В жизни ее не появился другой мужчина. Она не знала, хорошо это или плохо. У нее просто не было времени на подобные размышления. Ослепительно чистое наполнение жизни она обрела именно там, где хотела, – в своей работе. Прежде подобное ощущение давал ей Франсиско – ощущение принадлежности к собственному миру, к собственной работе. Мужчины, с которыми она знакомилась после него, принадлежали к той же самой категории, что и на первом ее балу.
Дагни выиграла сражение с воспоминаниями. Однако она все-таки пережила эти годы, воплощенные в коротком слове «почему».

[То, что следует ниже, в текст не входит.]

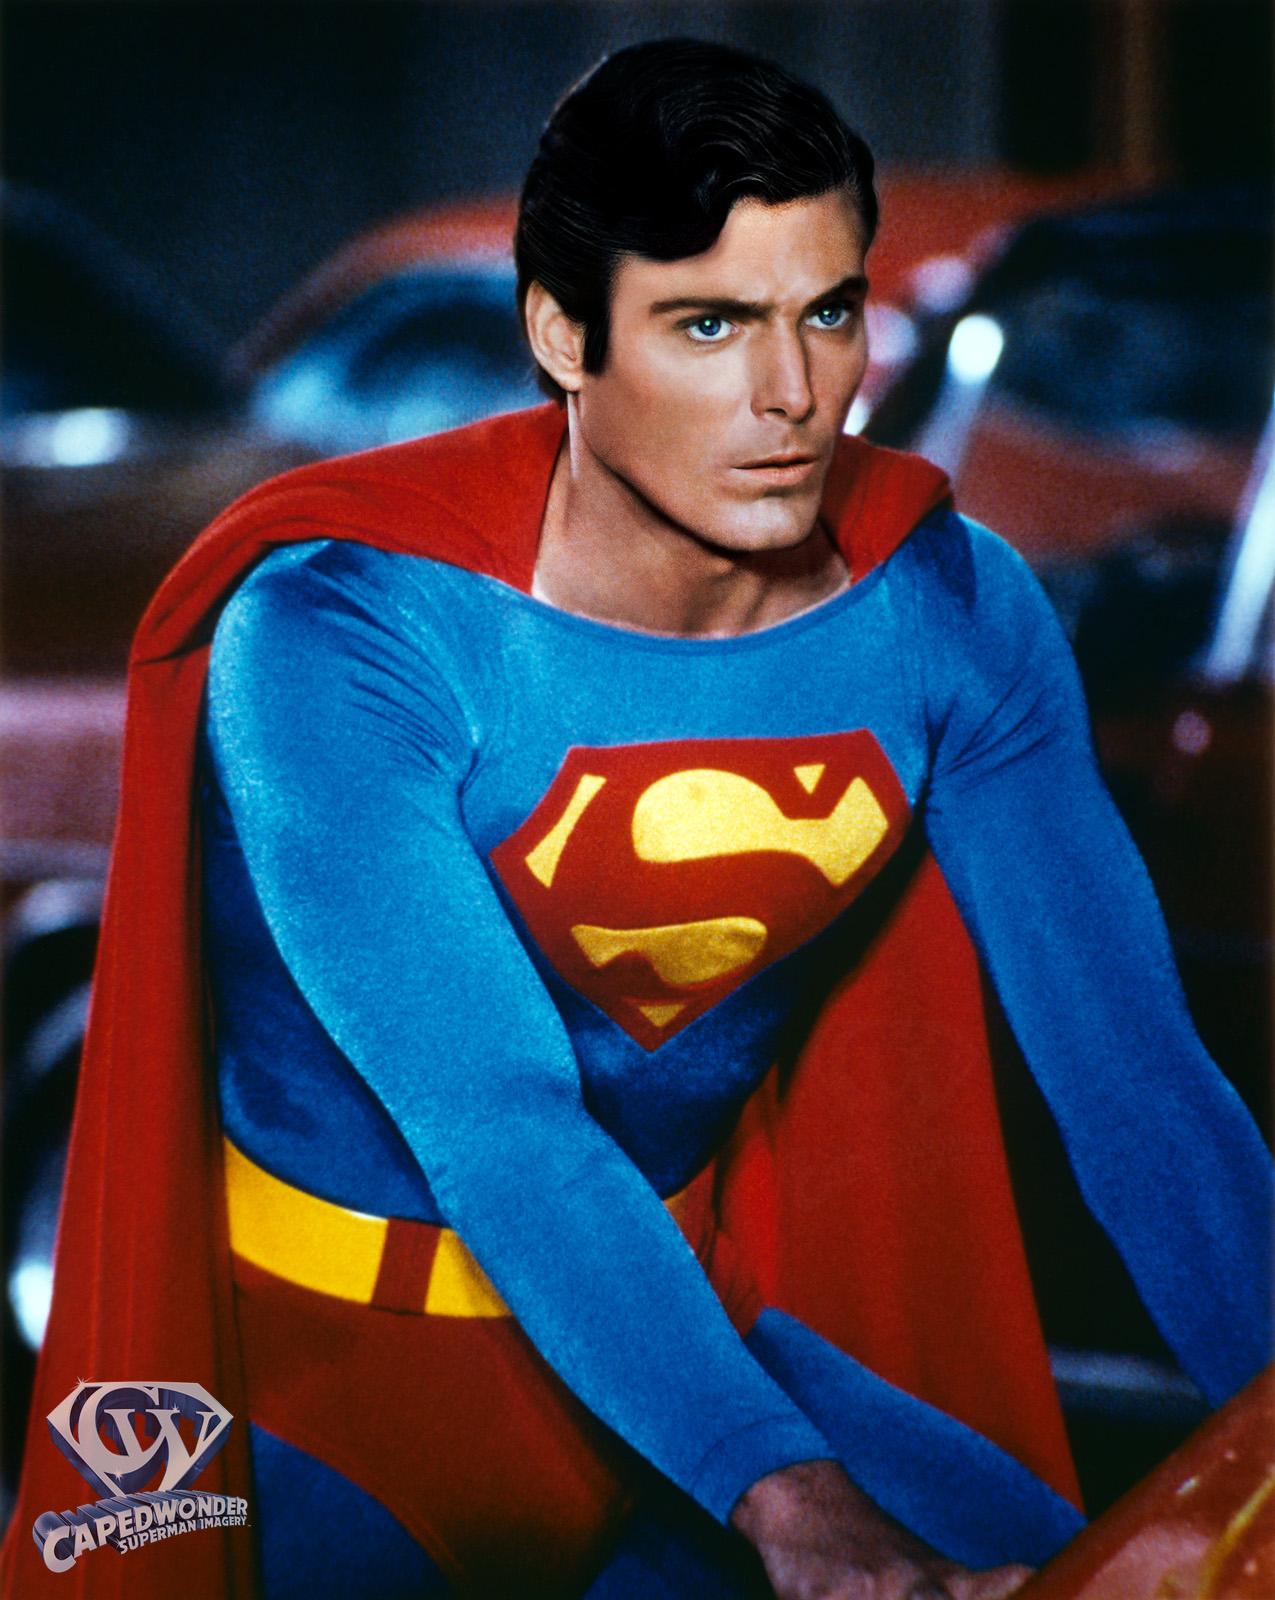 CW-SIV-Superman-car-crush-NMI-cut-scene

Какая бы трагедия ни обрушилась на Франсиско, почему он избрал самый дешевый путь спасения, столь же низменный, как пьянство ничтожного алкоголика? Тот юноша, которого она знала, не мог превратиться в жалкого труса. Несравненный интеллект не мог обратить свою изобретательность на сооружение тающих бальных зал. Тем не менее все это произошло, и этому не было никакого разумного объяснения, позволяющего ей спокойно забыть обо всем. Она не могла усомниться в том, каким он был; она не могла усомниться и в том, каким он стал; и оба этих факта были несовместимы друг с другом. Иногда Дагни едва не начинала сомневаться в том, что находится в здравом уме или в рациональности самого бытия; однако подобных сомнений она не позволила бы никому. Тем не менее объяснения не было, не было причины, даже намека на сколько-нибудь постижимую причину – и за прошедшие десять лет она так и не нашла ничего похожего на ответ.